De nombreux pays ciblent maintenant des groupes vulnérables ou mettent la supplémentation à disposition de ces derniers quand ils entrent en contact avec les services de santé. Des suppléments gratuits ou subventionnés sont distribués aux centres de santé, aux dispensaires et aux hôpitaux. Cette stratégie présente plusieurs avantages par rapport à la supplémentation universelle.
Les groupes cibles comprennent tous les cas de xérophtalmie, les rougeoles, les MPE bénignes ou modérées, les diarrhées et quelques autres maladies infectieuses. Dans quelques pays, l'administration de vitamine A est liée à d'autres interventions comme les vaccinations, approche qui devrait être limitée aux enfants de plus de 6 mois. On pourrait aussi la combiner au déparasitage ou au suivi de croissance des enfants mal nourris. Il faut aussi donner des suppléments aux enfants des camps de réfugiés ou en cas de sécheresse ou de famine. Par contre, il vaut mieux éviter d'en donner aux femmes avant la grossesse à cause du risque de malformations ftales.
Quand on introduit la supplémentation sélective, il convient de suivre l'exemple de la République-Unie de Tanzanie et de former les agents de soins de santé primaires à l'utilisation des suppléments. Des cours d'une ou deux journées, conduits par une équipe de formateurs itinérants, permettent de distribuer un aide-mémoire, de réviser les signes de xérophtalmie et de présenter une liste de cas justifiant la supplémentation en vitamine A.
Dans tout programme de supplémentation, il faut mettre en place un système d'enregistrement pour limiter le risque d'administrations trop fréquentes et de toxicité.

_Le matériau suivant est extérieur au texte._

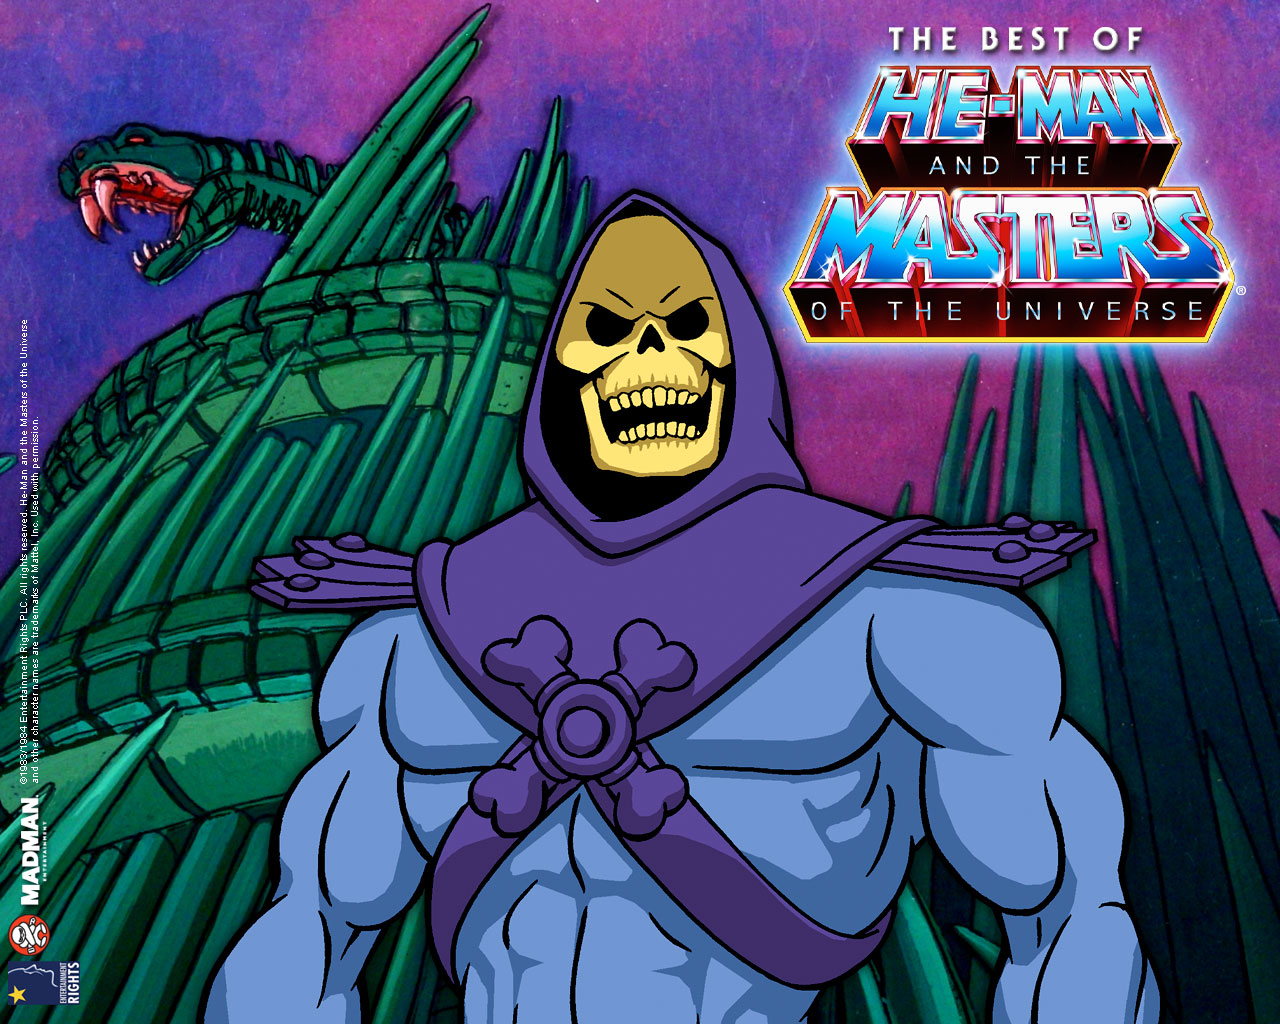 he-man_and_the_masters_of_179_1280.jpg

Ces programmes doivent s'accompagner d'activités destinées à améliorer l'apport alimentaire et de mesures de santé publique visant à réduire les carences en vitamine A. Il faut aussi envisager le recours à l'enrichissement.
Il n'est, par contre, pas recommandé de fournir des suppléments de vitamine A à des enfants qui ne présentent pas de carence pour réduire leur mortalité.
La carence en iode est la plus facile des trois à traiter. La stratégie la plus recommandée est l'enrichissement du sel ou iodation du sel et non l'augmentation de l'apport alimentaire. Les mesure de santé publique ne constituent pas une stratégie importante pour le contrôle de la carence en iode, mais la supplémentation peut jouer un rôle dans les zones hyperendémiques, surtout comme mesure à court terme pendant que l'iodation du sel est mise en place.
L'iode est vital mais n'est nécessaire qu'en très faible quantité: 100 à 200 µg par jour pour un adulte, ce qui correspond à une cuillère tous les 50 ans.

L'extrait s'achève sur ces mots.